#### 38.8.2 Multi-parameter Linear Regression Example

The following program performs a quadratic fit y = c_0 + c_1 x + c_2 x^2 to a weighted dataset using the generalised linear fitting function `gsl_multifit_wlinear`. The model matrix X for a quadratic fit is given by,

```X = [ 1   , x_0  , x_0^2 ;
1   , x_1  , x_1^2 ;
1   , x_2  , x_2^2 ;
... , ...  , ...   ]
```

where the column of ones corresponds to the constant term c_0. The two remaining columns corresponds to the terms c_1 x and c_2 x^2.

The program reads n lines of data in the format (x, y, err) where err is the error (standard deviation) in the value y.

```#include <stdio.h>
#include <gsl/gsl_multifit.h>

int
main (int argc, char **argv)
{
int i, n;
double xi, yi, ei, chisq;
gsl_matrix *X, *cov;
gsl_vector *y, *w, *c;

if (argc != 2)
{
fprintf (stderr,"usage: fit n < data\n");
exit (-1);
}

n = atoi (argv[1]);

X = gsl_matrix_alloc (n, 3);
y = gsl_vector_alloc (n);
w = gsl_vector_alloc (n);

c = gsl_vector_alloc (3);
cov = gsl_matrix_alloc (3, 3);

for (i = 0; i < n; i++)
{
int count = fscanf (stdin, "%lg %lg %lg",
&xi, &yi, &ei);

if (count != 3)
{
exit (-1);
}

printf ("%g %g +/- %g\n", xi, yi, ei);

gsl_matrix_set (X, i, 0, 1.0);
gsl_matrix_set (X, i, 1, xi);
gsl_matrix_set (X, i, 2, xi*xi);

gsl_vector_set (y, i, yi);
gsl_vector_set (w, i, 1.0/(ei*ei));
}

{
gsl_multifit_linear_workspace * work
= gsl_multifit_linear_alloc (n, 3);
gsl_multifit_wlinear (X, w, y, c, cov,
&chisq, work);
gsl_multifit_linear_free (work);
}

#define C(i) (gsl_vector_get(c,(i)))
#define COV(i,j) (gsl_matrix_get(cov,(i),(j)))

{
printf ("# best fit: Y = %g + %g X + %g X^2\n",
C(0), C(1), C(2));

printf ("# covariance matrix:\n");
printf ("[ %+.5e, %+.5e, %+.5e  \n",
COV(0,0), COV(0,1), COV(0,2));
printf ("  %+.5e, %+.5e, %+.5e  \n",
COV(1,0), COV(1,1), COV(1,2));
printf ("  %+.5e, %+.5e, %+.5e ]\n",
COV(2,0), COV(2,1), COV(2,2));
printf ("# chisq = %g\n", chisq);
}

gsl_matrix_free (X);
gsl_vector_free (y);
gsl_vector_free (w);
gsl_vector_free (c);
gsl_matrix_free (cov);

return 0;
}
```

A suitable set of data for fitting can be generated using the following program.
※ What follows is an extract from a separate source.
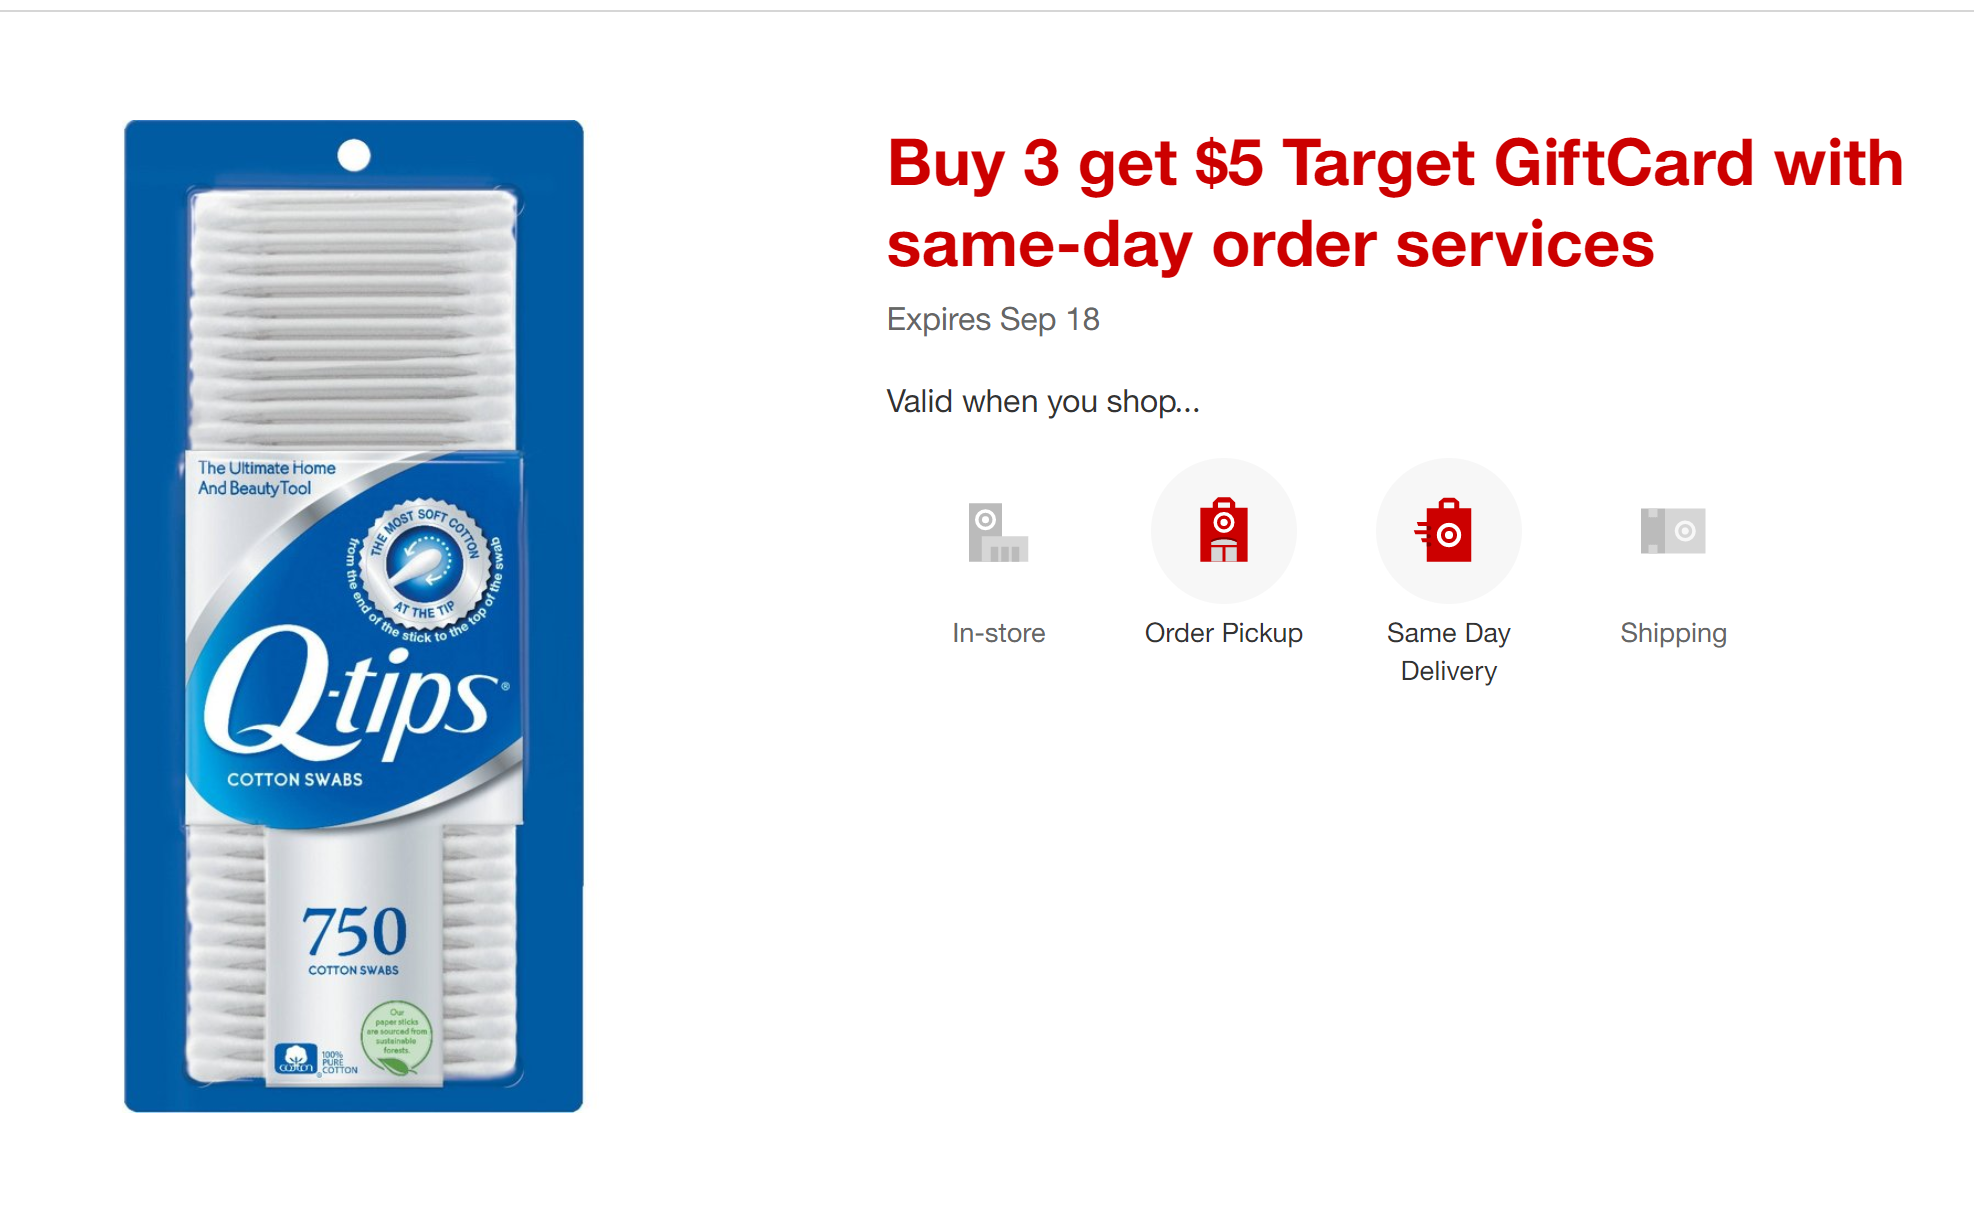 Target  Buy 3 get $5 Target GiftCard 精选商品买3件送$5礼卡

It outputs a set of points with gaussian errors from the curve y = e^x in the region 0 < x < 2.

```#include <stdio.h>
#include <math.h>
#include <gsl/gsl_randist.h>

int
main (void)
{
double x;
const gsl_rng_type * T;
gsl_rng * r;

gsl_rng_env_setup ();

T = gsl_rng_default;
r = gsl_rng_alloc (T);

for (x = 0.1; x < 2; x+= 0.1)
{
double y0 = exp (x);
double sigma = 0.1 * y0;
double dy = gsl_ran_gaussian (r, sigma);

printf ("%g %g %g\n", x, y0 + dy, sigma);
}

gsl_rng_free(r);

return 0;
}
```

The data can be prepared by running the resulting executable program,

```\$ GSL_RNG_TYPE=mt19937_1999 ./generate > exp.dat
\$ more exp.dat
0.1 0.97935 0.110517
0.2 1.3359 0.12214
0.3 1.52573 0.134986
0.4 1.60318 0.149182
0.5 1.81731 0.164872
0.6 1.92475 0.182212
....
```

To fit the data use the previous program, with the number of data points given as the first argument. In this case there are 19 data points.

```\$ ./fit 19 < exp.dat
0.1 0.97935 +/- 0.110517
0.2 1.3359 +/- 0.12214
...
# best fit: Y = 1.02318 + 0.956201 X + 0.876796 X^2
# covariance matrix:
[ +1.25612e-02, -3.64387e-02, +1.94389e-02
-3.64387e-02, +1.42339e-01, -8.48761e-02
+1.94389e-02, -8.48761e-02, +5.60243e-02 ]
# chisq = 23.0987
```

The parameters of the quadratic fit match the coefficients of the expansion of e^x, taking into account the errors on the parameters and the O(x^3) difference between the exponential and quadratic functions for the larger values of x. The errors on the parameters are given by the square-root of the corresponding diagonal elements of the covariance matrix. The chi-squared per degree of freedom is 1.4, indicating a reasonable fit to the data.